Description

For simplified calculations, astronomers use Julian Day (JD) to express time. The Julian Day is defined as the number of days that have elapsed since noon (12:00) on January 1, 4713 BC, up to a given moment, with fractions of a day expressed as decimals. By using this astronomical calendar, every moment can be uniformly mapped onto a number line, making it very convenient to calculate time differences.

Now, given a Julian Day without a fractional part, please help calculate the corresponding Gregorian calendar date (which must be noon on a certain day).

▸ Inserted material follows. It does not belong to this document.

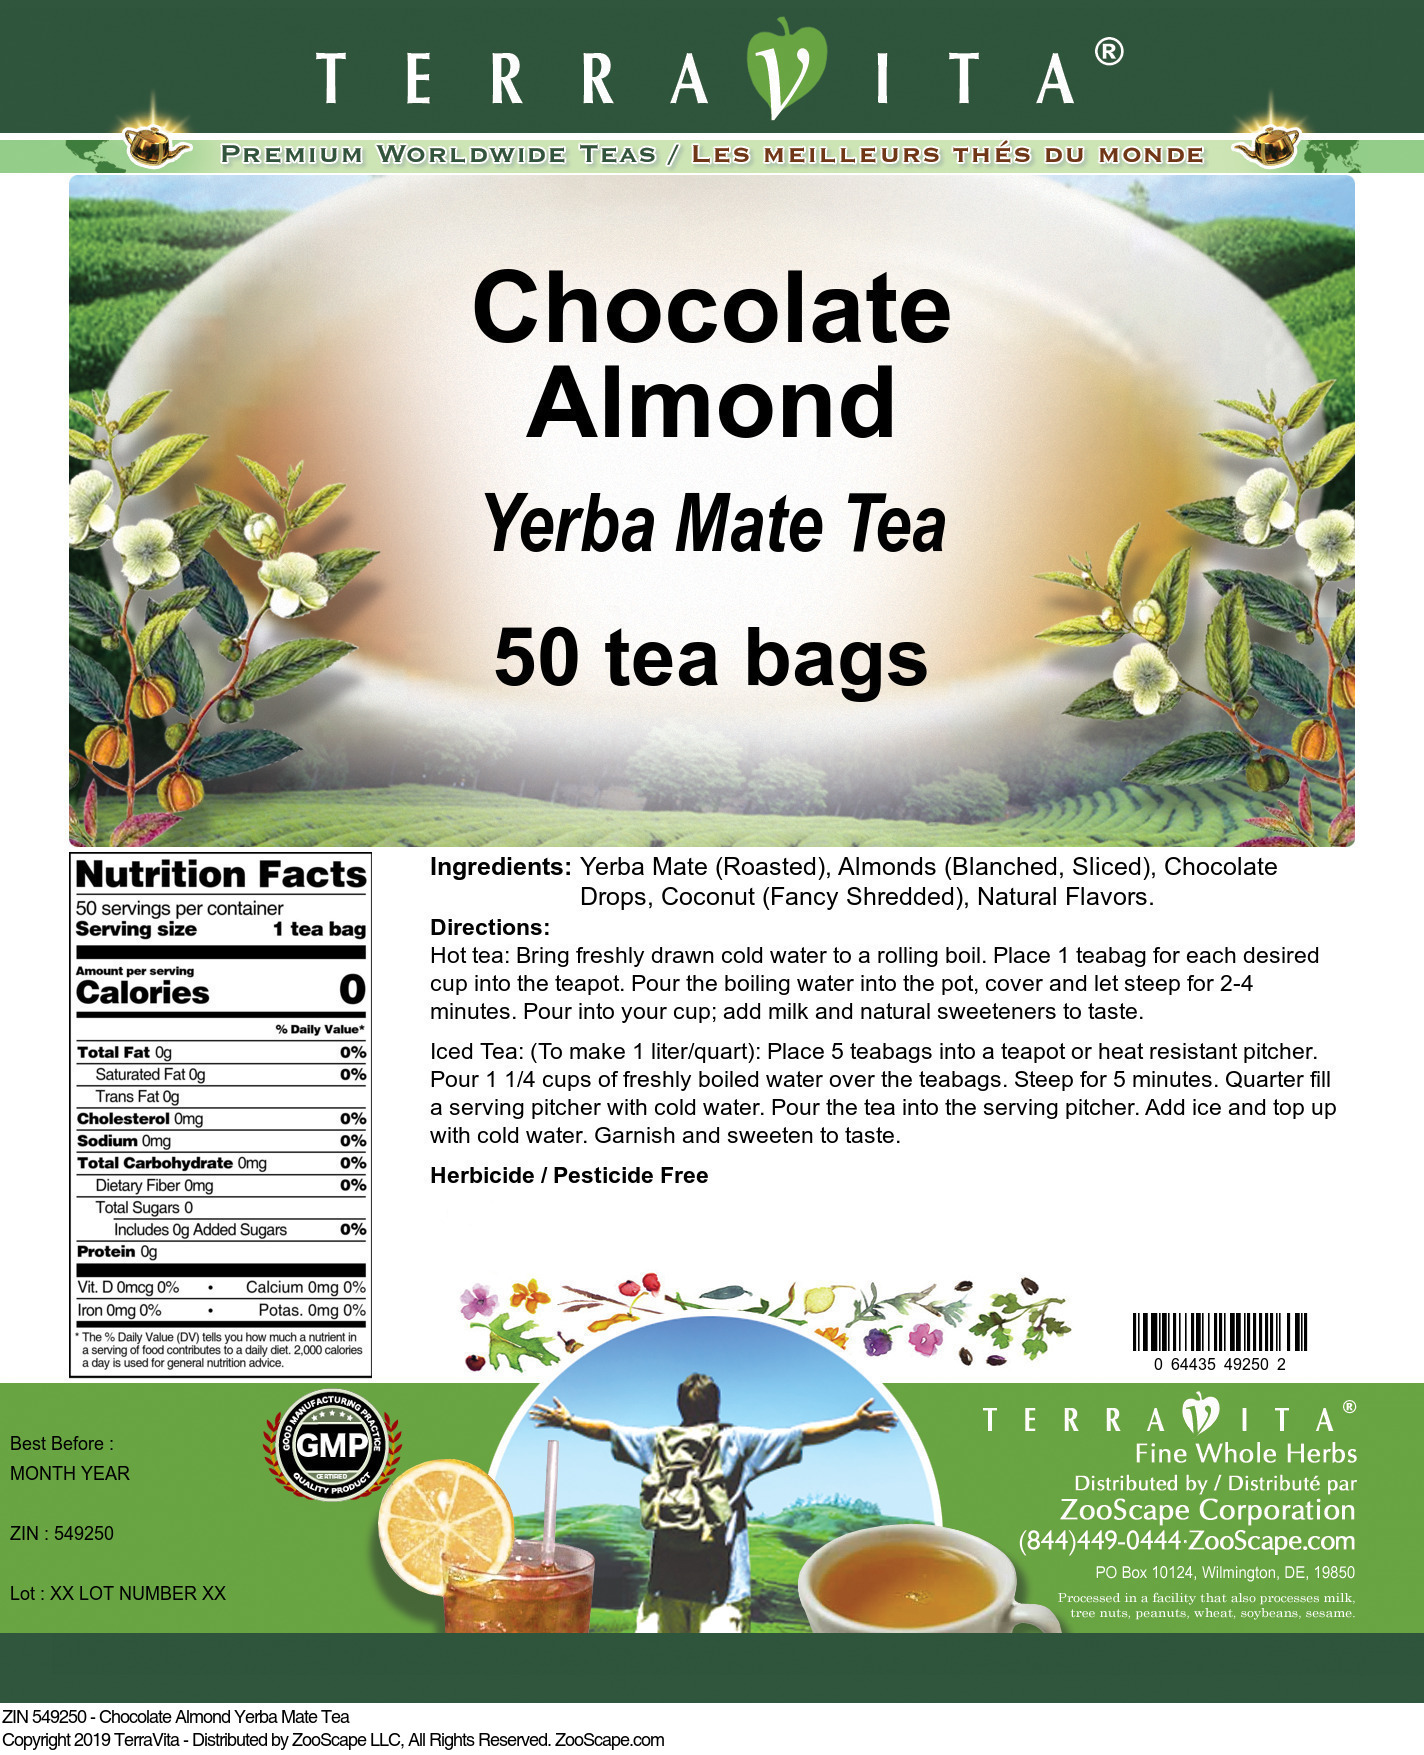 Chocolate Almond Yerba Mate Tea

Our current calendar is the Gregorian calendar, which was introduced by Pope Gregory XIII in 1582 AD as a modification of the Julian calendar (note: the Julian calendar is not directly related to Julian Day). Specifically, the current Gregorian calendar dates are calculated according to the following rules:

1. On or after October 15, 1582 AD: The Gregorian calendar applies. The months have the following lengths: January (31 days), February (28 or 29 days), March (31 days), April (30 days), May (31 days), June (30 days), July (31 days), August (31 days), September (30 days), October (31 days), November (30 days), December (31 days). A leap year has 29 days in February, while a common year has 28 days. A year is a leap year if it is divisible by 400, or if it is divisible by 4 but not by 100.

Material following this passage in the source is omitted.